#### Study material ####

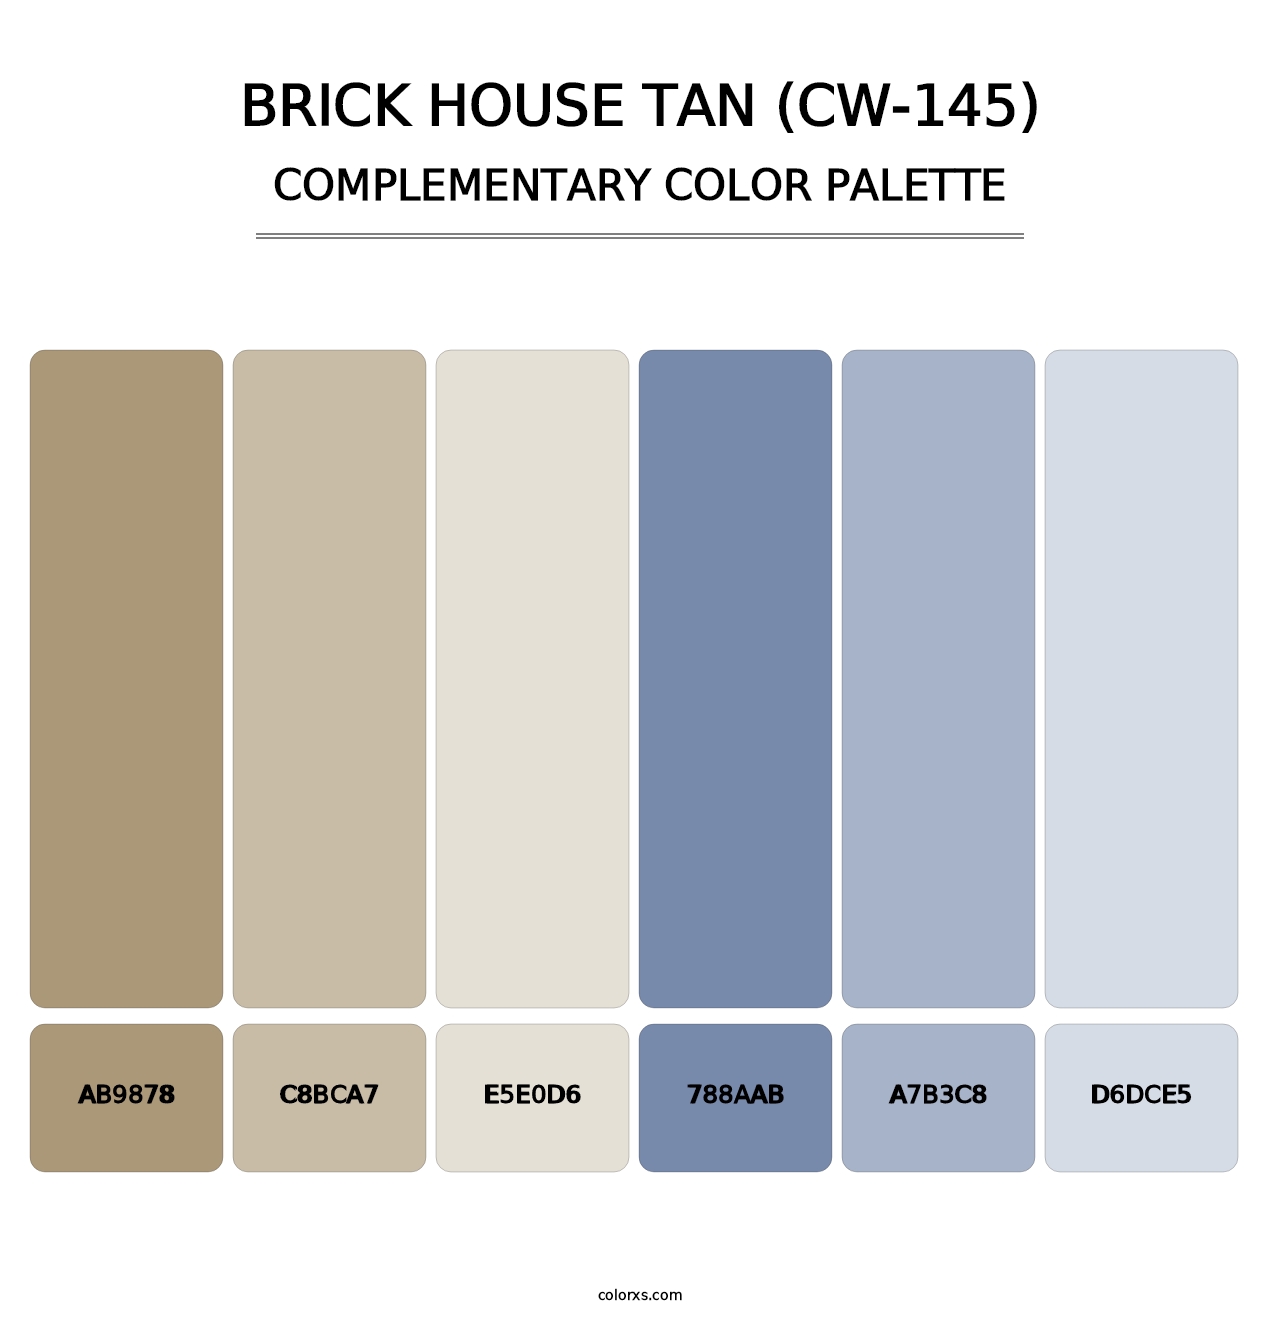 Brick House Tan (CW-145) - Complementary Color Palette
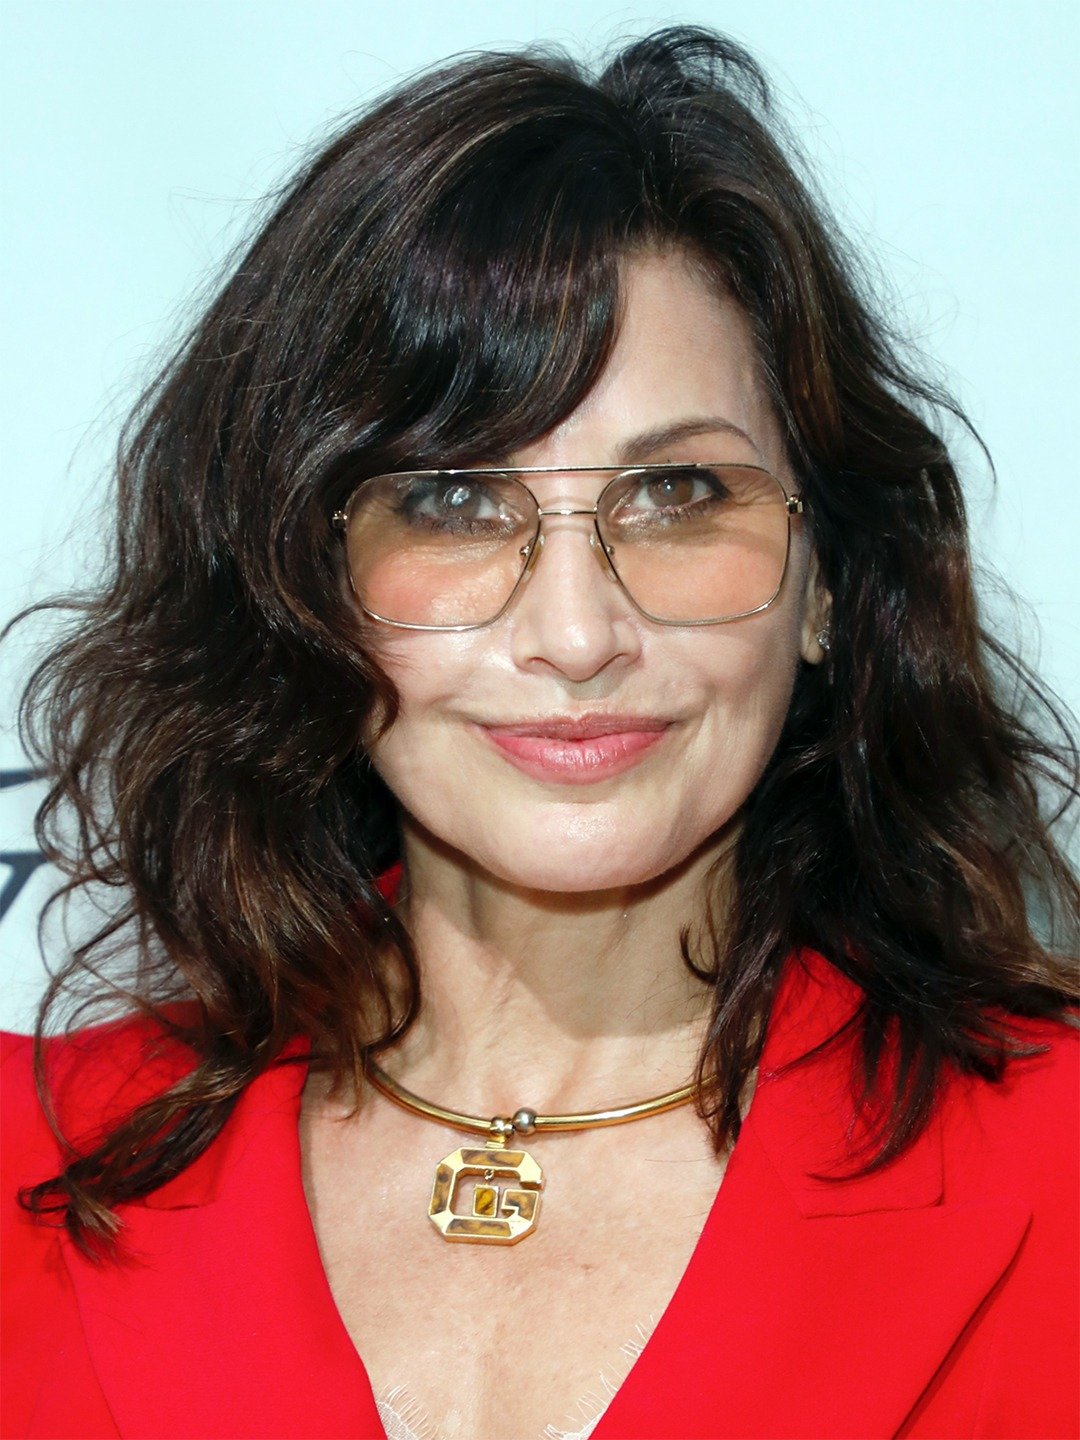 Pictures of gina gershon
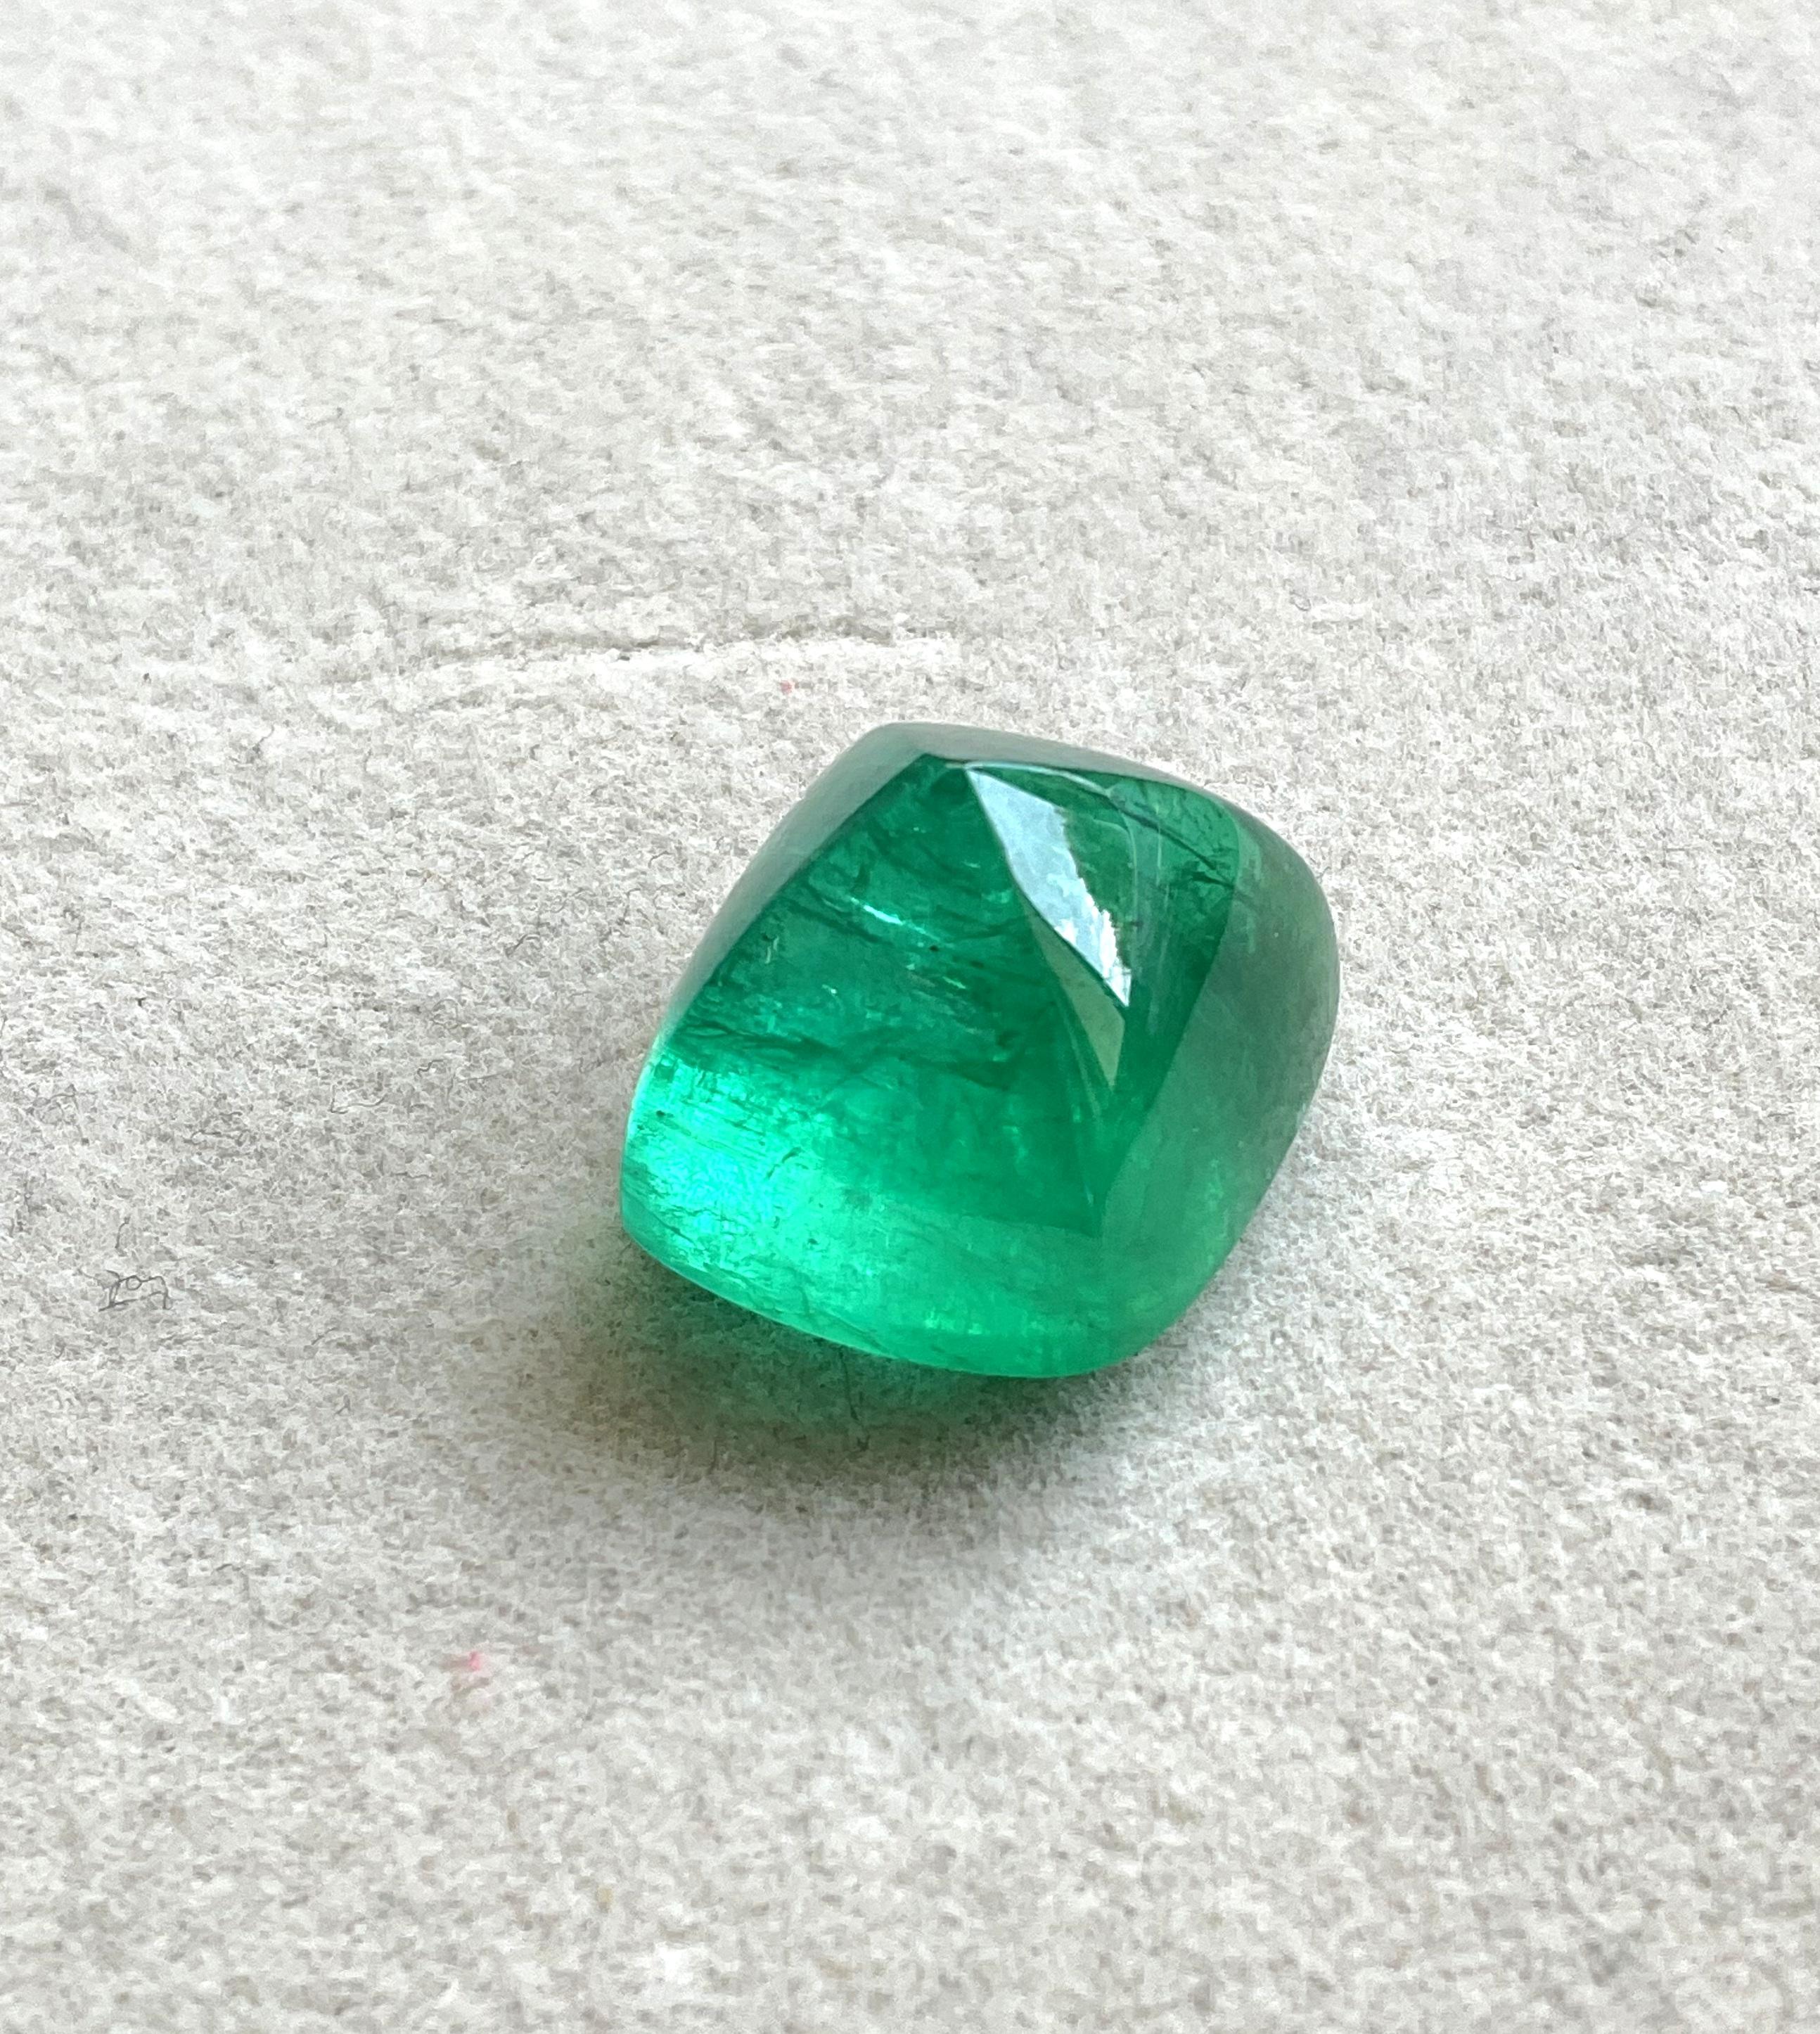 Certified 25.38 Cts Zambian Emerald Sugarloaf Cabochon Top Quality Natural Gem For Sale 1
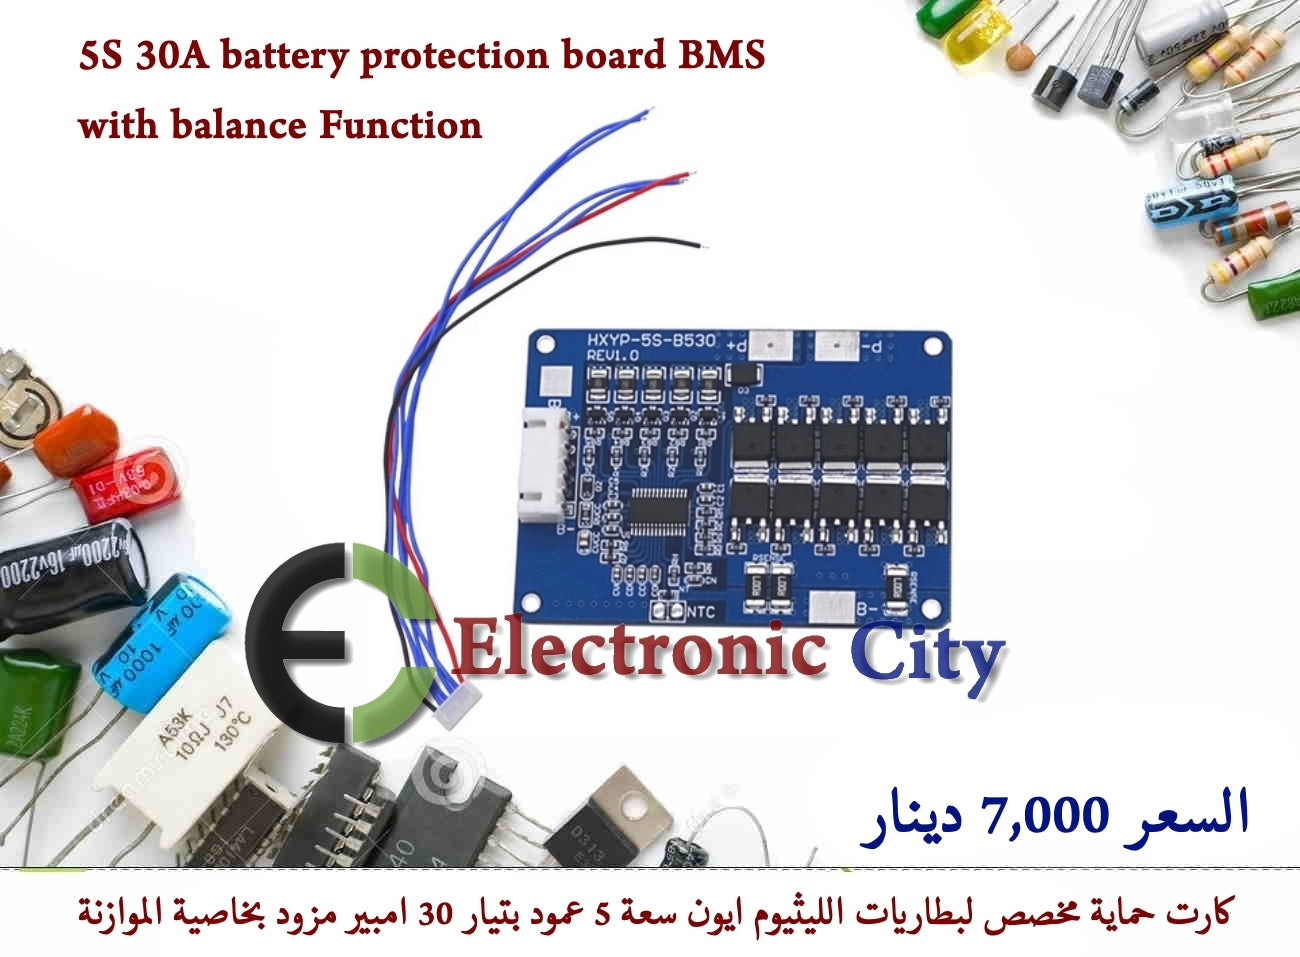 5S 30A battery protection board BMS with balance Function
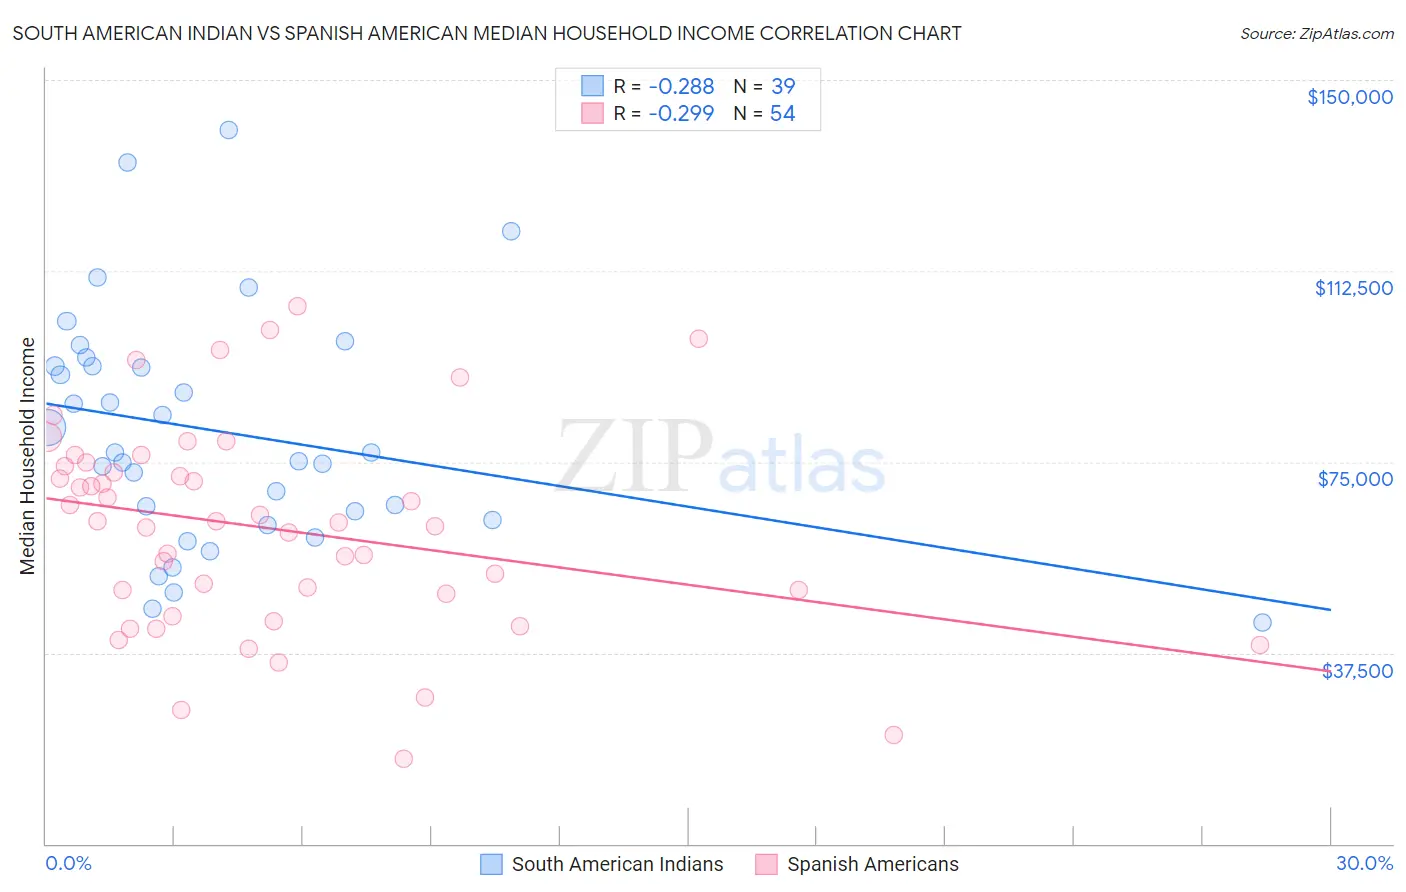 South American Indian vs Spanish American Median Household Income

####

*Work to be completed:* Write the material above out again exactly. Omit every image.

*Response for this exercise:*
 Brick House Tan (CW-145) - Complementary Color Palette
 Pictures of gina gershon
 Certified 25.38 Cts Zambian Emerald Sugarloaf Cabochon Top Quality Natural Gem For Sale 1
 5S 30A battery protection board BMS with balance Function
 South American Indian vs Spanish American Median Household Income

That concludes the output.